With maintenance and operating costs one of the biggest pain points for shipowners, the company wanted to develop a solution that minimises maintenance. “We are using cutting-edge technology to keep this [maintenance] as simple as possible," said Ferrer. "Installing our wingsail system is exactly the same as installing a deck stringer. Anyone specialized in that can do it.”

Automation is what makes the sails economically viable, as it saves crew-related costs on maneuvering the wingsail. The amount of savings that you get with this technology is directly linked to the amount of wind and the size of the system installed, but especially the cost incurred in making such savings," said Ferrer. "If you save in consumption but then you spend a lot on such technology, the investment makes no sense.”

David Ferrer, CTO of Bound4Blue © Bound4Blue  

Innovation and collaboration

Bound4Blue currently holds four patented technologies and three pending ones. “As you can imagine, you cannot patent putting a sail on a vessel," said Ferrrer. "Nor you can patent the telescopic mast because that already exists. What we have patented are different types of rigid wingsail folding systems.

“We have also patented different applications of our system that use sails to produce hydrogen fuel. Basically, it generates energy through turbines as the vessels move through area with strong wind.” This, however, is not a priority. The team is now focused on compounding all the metrics from the existing pilots to understand what needs be improved further.

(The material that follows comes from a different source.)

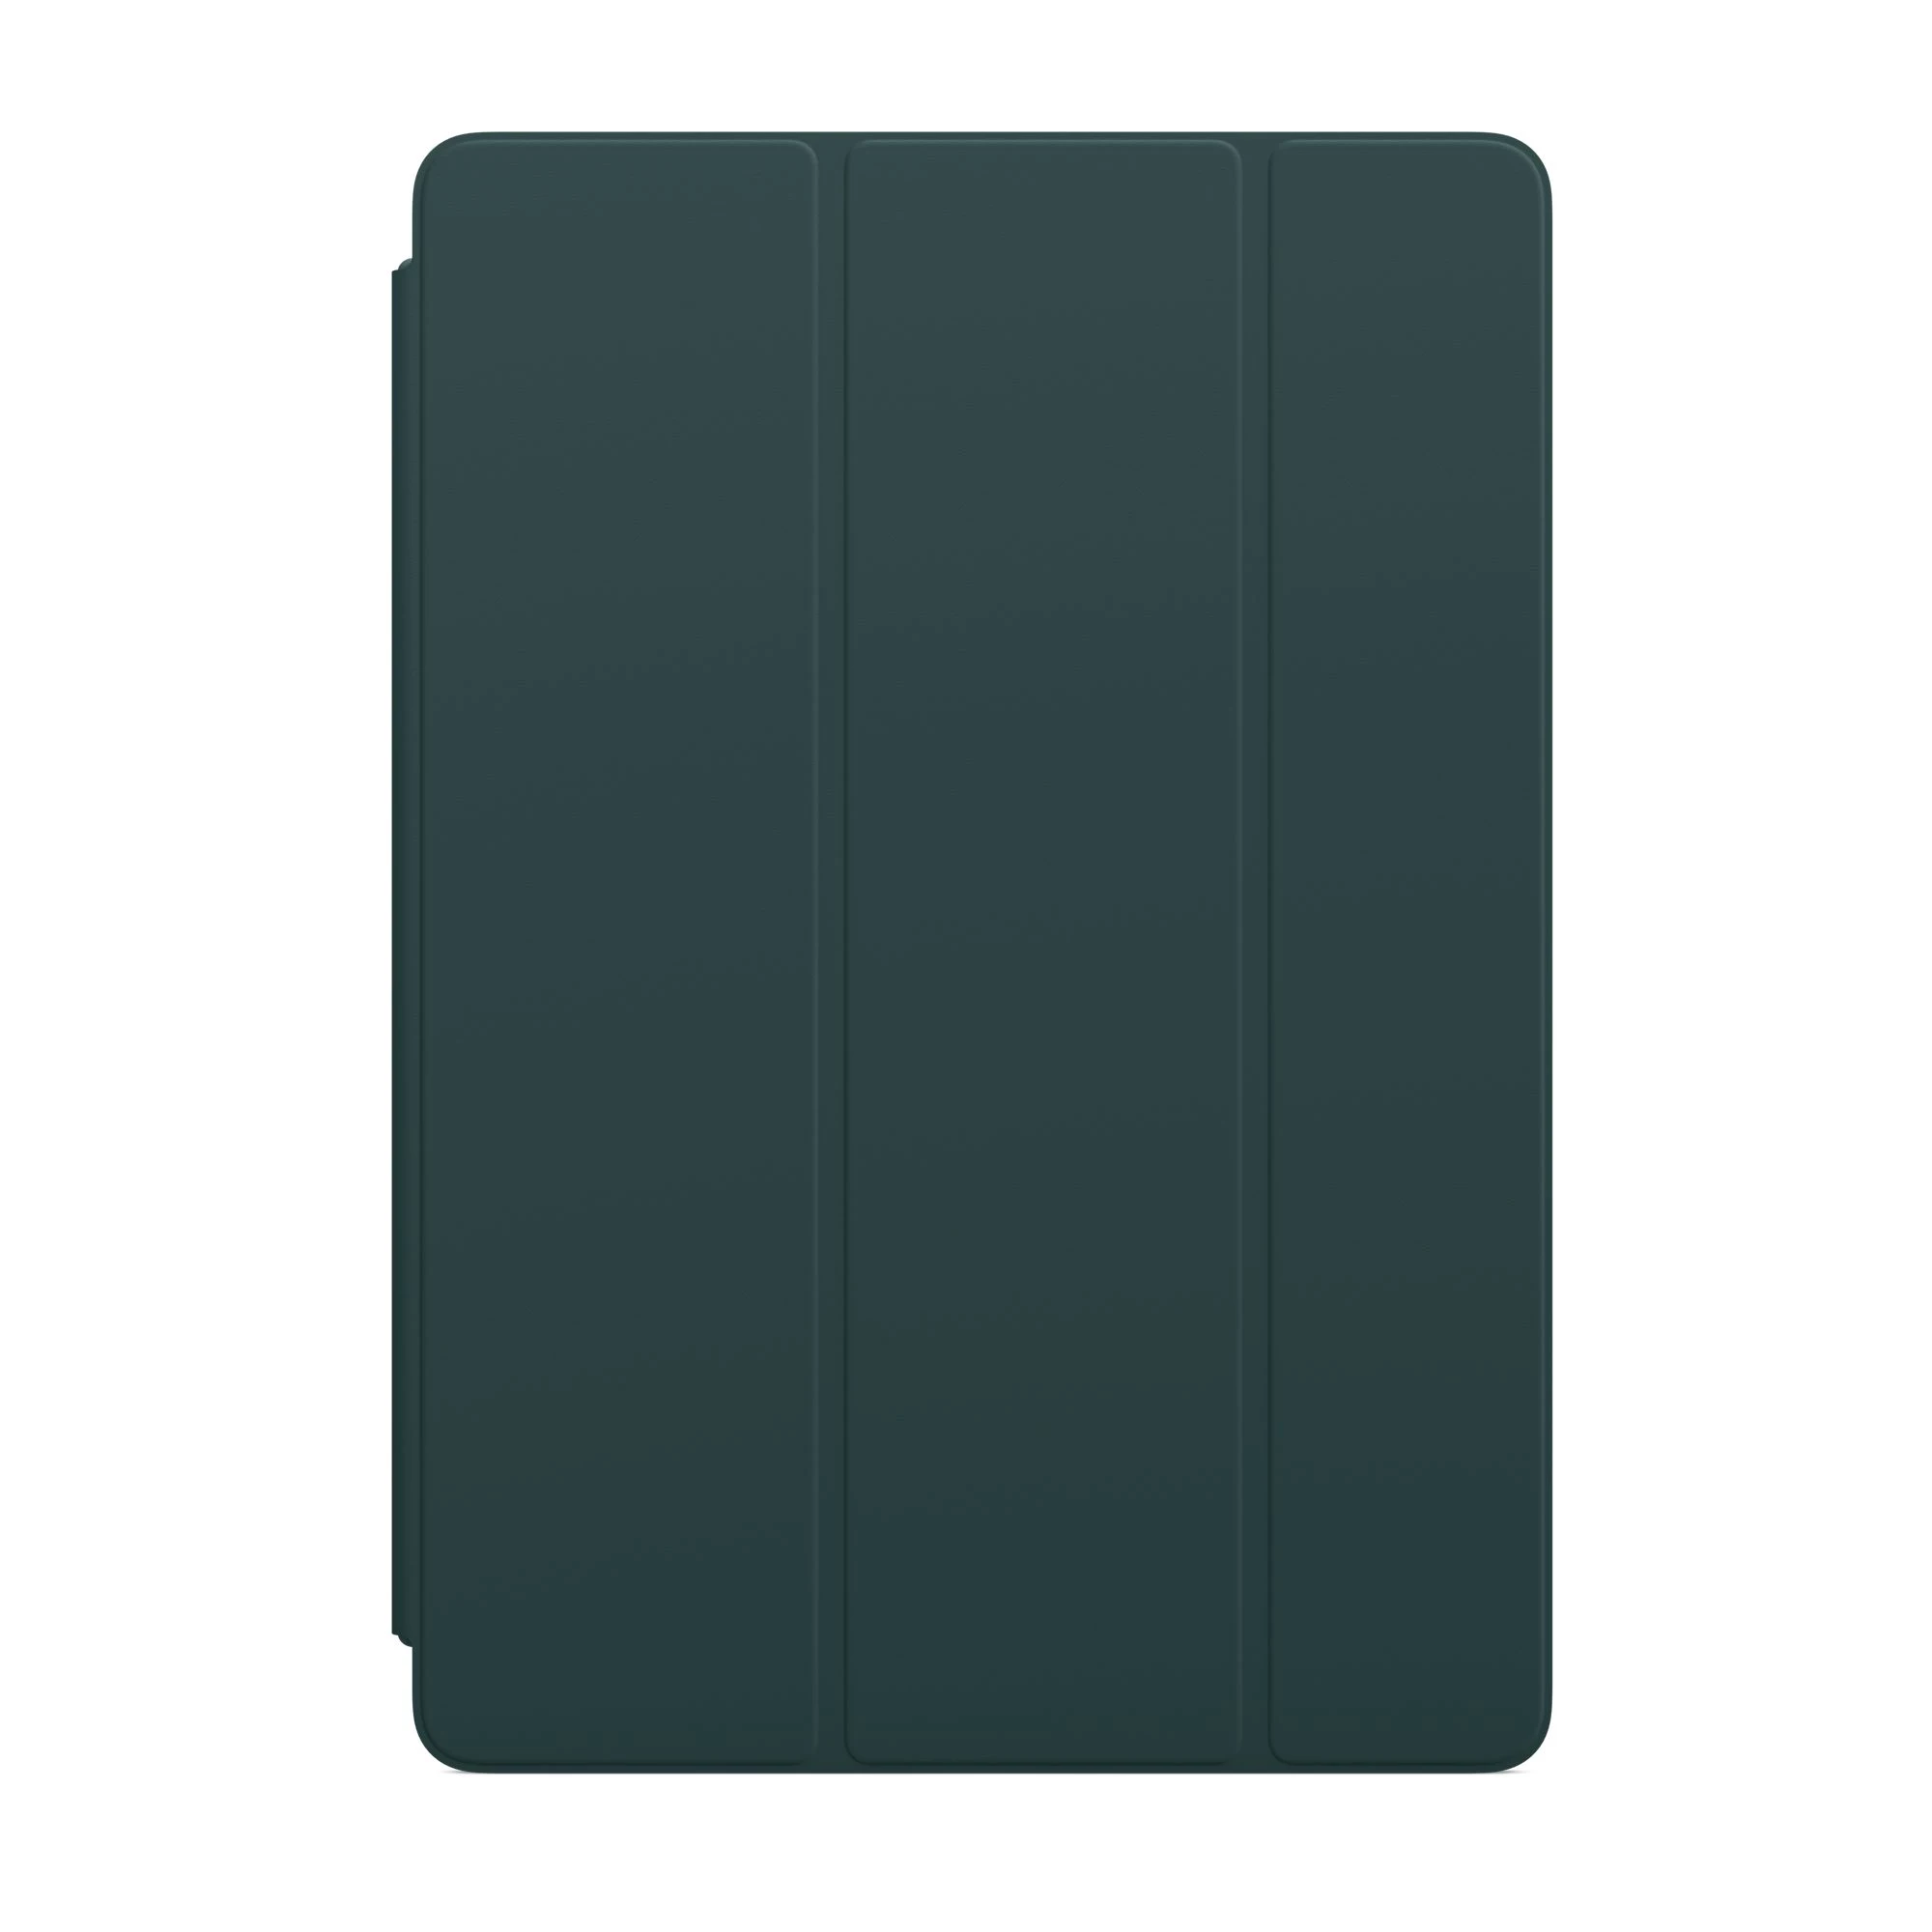 Apple Smart Cover for iPad 10.2" / Air 3 / Pro 10.5" - Mallard Green (MJM73)

The company is currently facing fairly limited competition while entering an ecosystem in the midst of disruption. Companies worldwide have already started to work on diverse but similar technologies using the wind to reduce fuel consumption. Airseas is a French spin-off of the Airbus group and is currently testing an automated power kite-sail on cargo ships.

“They are all more or less at the same stage we are right now,” said Ferrer. “In this ecosystem, we are not really competing with each other. Our fight is to prove that wind propulsion technologies are feasible and can save money in the industry. Someone else's success is also our success.” In fact, industry players are joining the International Wingsail System Association, which promotes the implementation of wingsails on ships while sharing knowledge and experience.

Bound4Blue has established two offices: one in Barcelona and another in Santander. “In Cantabria [the province of Santander], there is a big shipping and maritime ecosystem," said Ferrer. "We have found suppliers with the experience and technology to produce and install our wingsails. We do also a lot of R&D, which has significant costs, and the government of Catalonia is helping us to finance it.” 

Geared up for launch

The startup was initially incubated at the European Space Agency (ESA) in Barcelona. It has also received Spanish funding from ENISA and the Horizon2020 European fund. To date, Bound4Blue has raised a total of €4m, around 1.5m sourced in the form of public grants. The rest comes from private angel investor funds. Investment so far has been used primarily to install and test the rigid sail on a 60-meter theatre vessel and on one merchant vessel. The company is also running a third paid pilot on a 37-meter fishing vessel.

“Now we are just in the final stage before the commercial launch," said Ferrer. "Our ongoing pilots have proved the viability of our technology. We just need to finalize all three to measure results and we expect this to happen mid-2020.”

The company is now looking to close a pre-seed round of about 3m that will be used to finalize the ongoing pilots and prepare for the official commercial launch, expected at the end of 2020. The team will be soon augmented with three sales units. “We already have some international customers waiting for us to launch and to install our sails on their vessels,” said Ferrer.

Bound4Blue's expansion will focus on the European and Asian markets, particularly South Korea, Japan and China, where most of the global vessel fleets are built. By 2025, the company expects to execute more than 100 projects a year.